··· RAW DATA
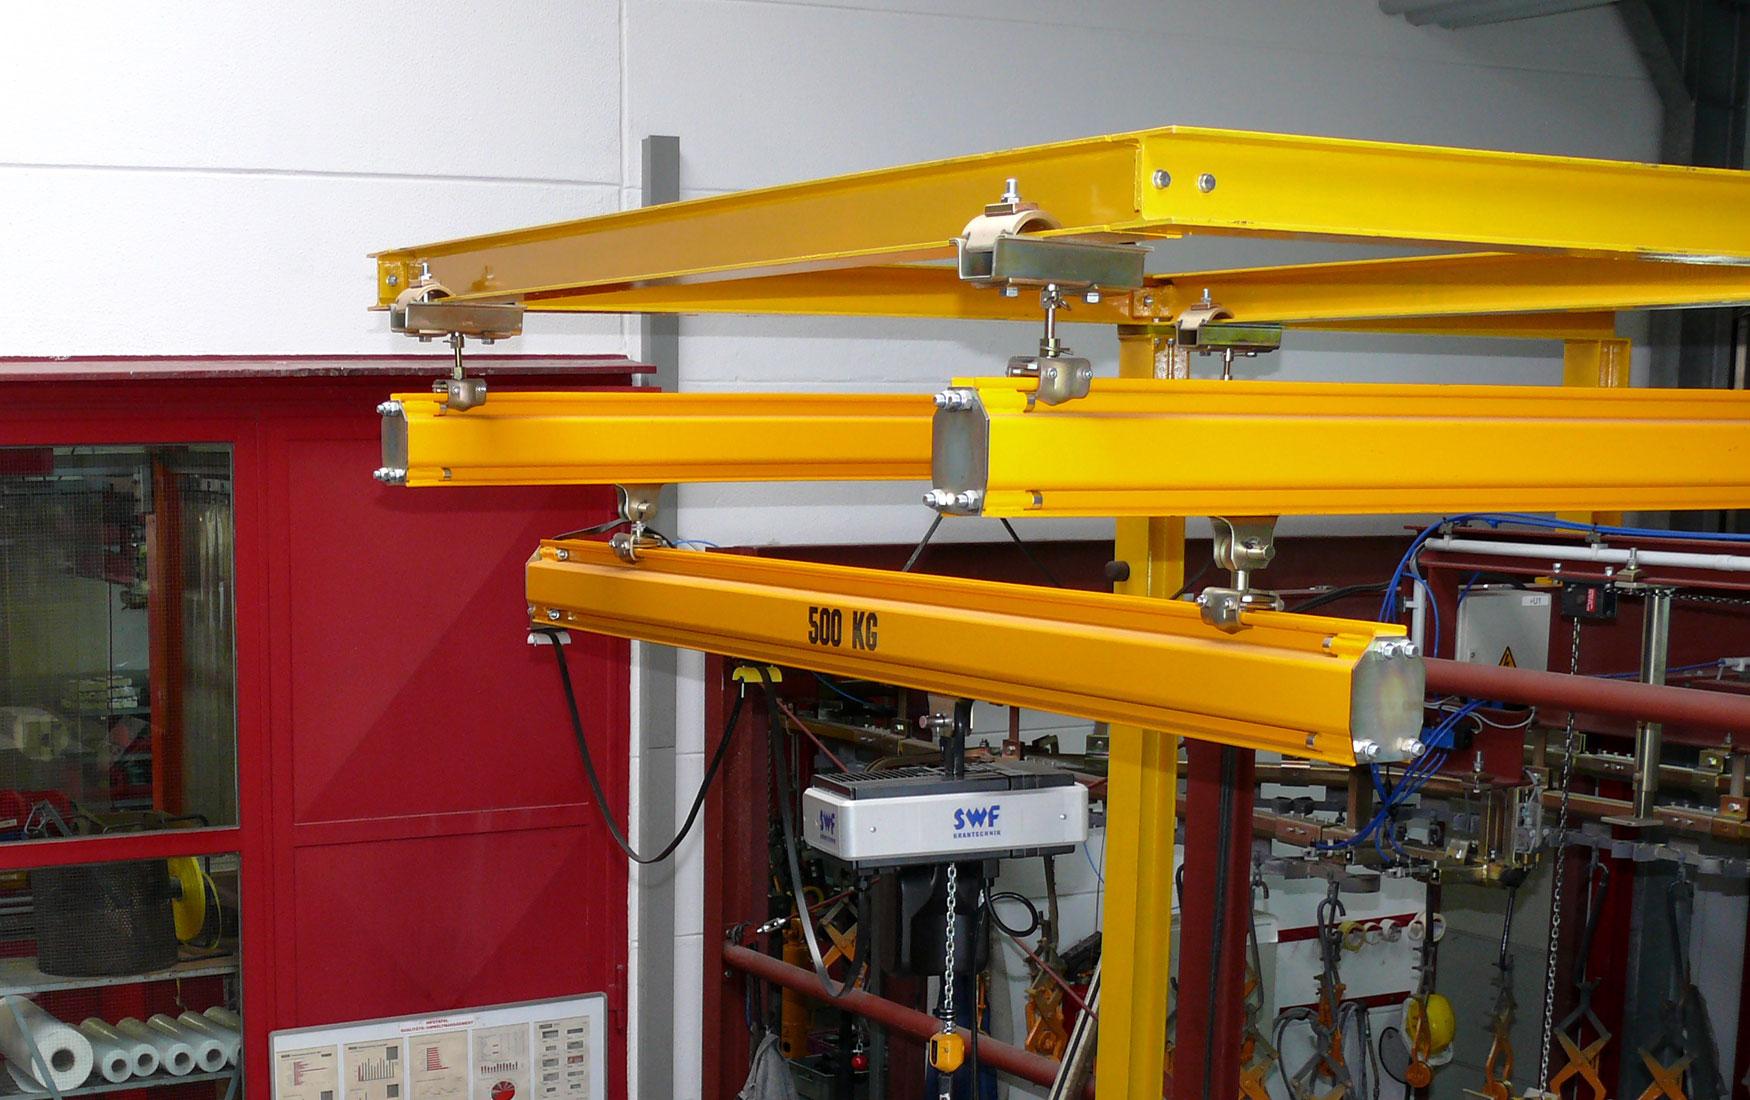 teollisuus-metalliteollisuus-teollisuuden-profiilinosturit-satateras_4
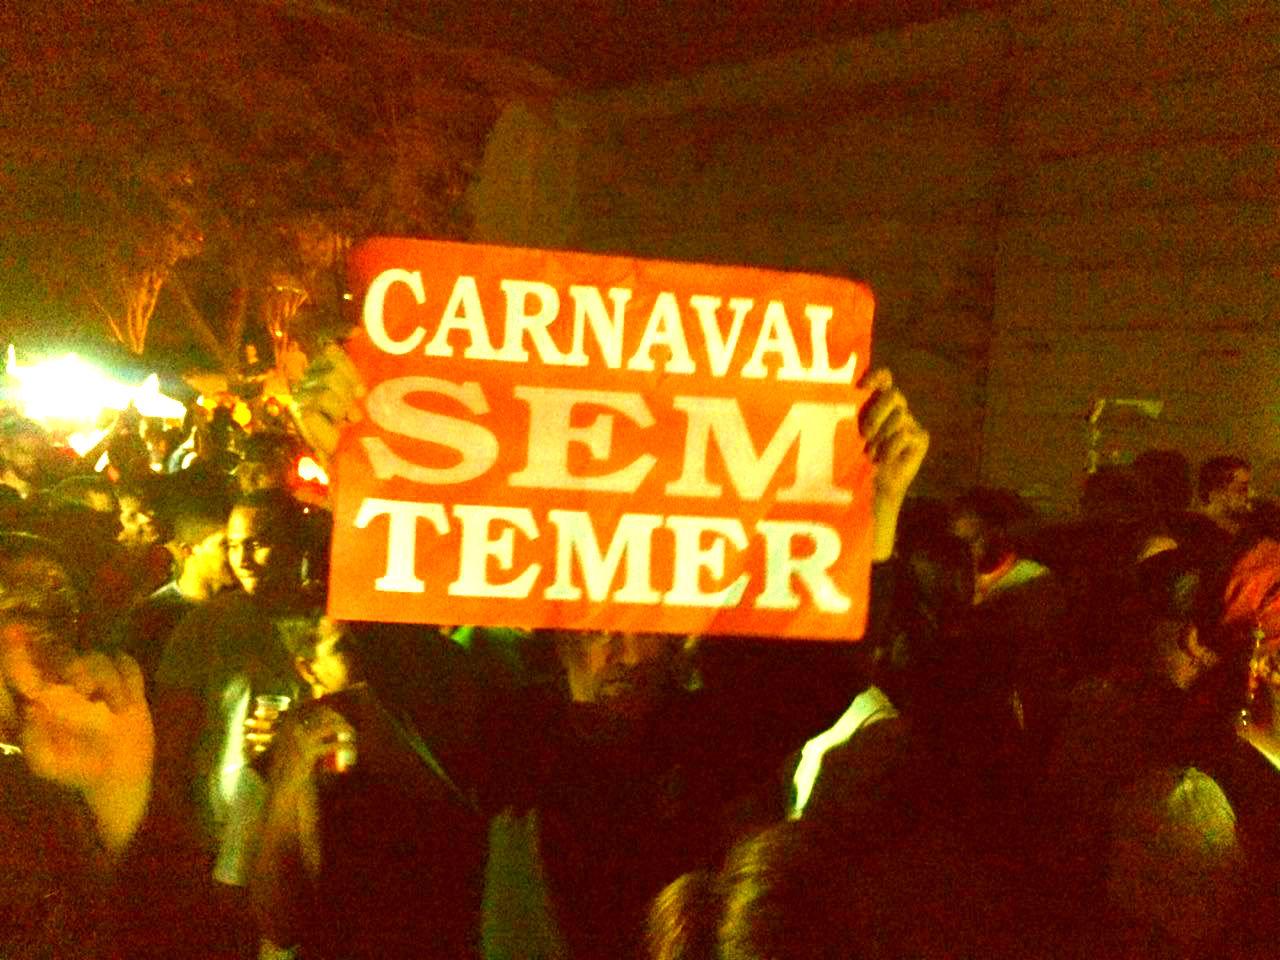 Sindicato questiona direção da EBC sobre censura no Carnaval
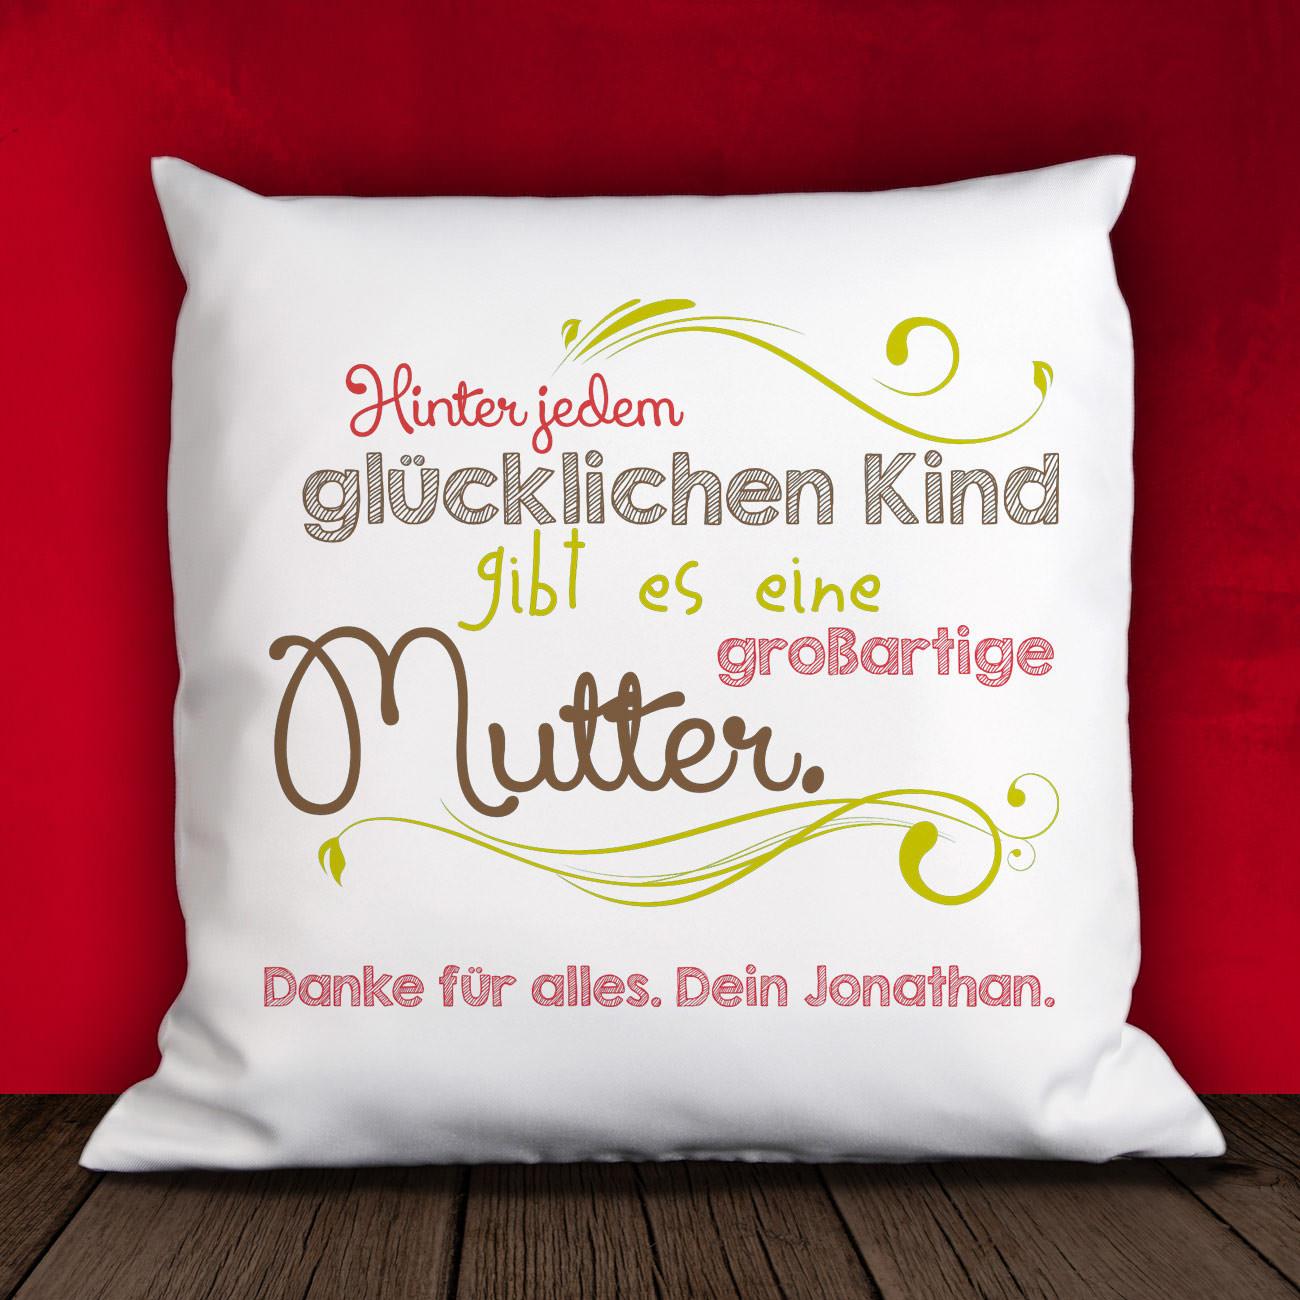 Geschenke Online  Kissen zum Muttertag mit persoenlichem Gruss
······
* [WHAT IS BEING ASKED]: Return, exactly and without extra lines, everything from the line with "Sindicato questiona direção" through the last line of the material above, both included. Pictures must be dropped.

* [WRITTEN REPLY]:
 Sindicato questiona direção da EBC sobre censura no Carnaval
 Geschenke Online  Kissen zum Muttertag mit persoenlichem Gruss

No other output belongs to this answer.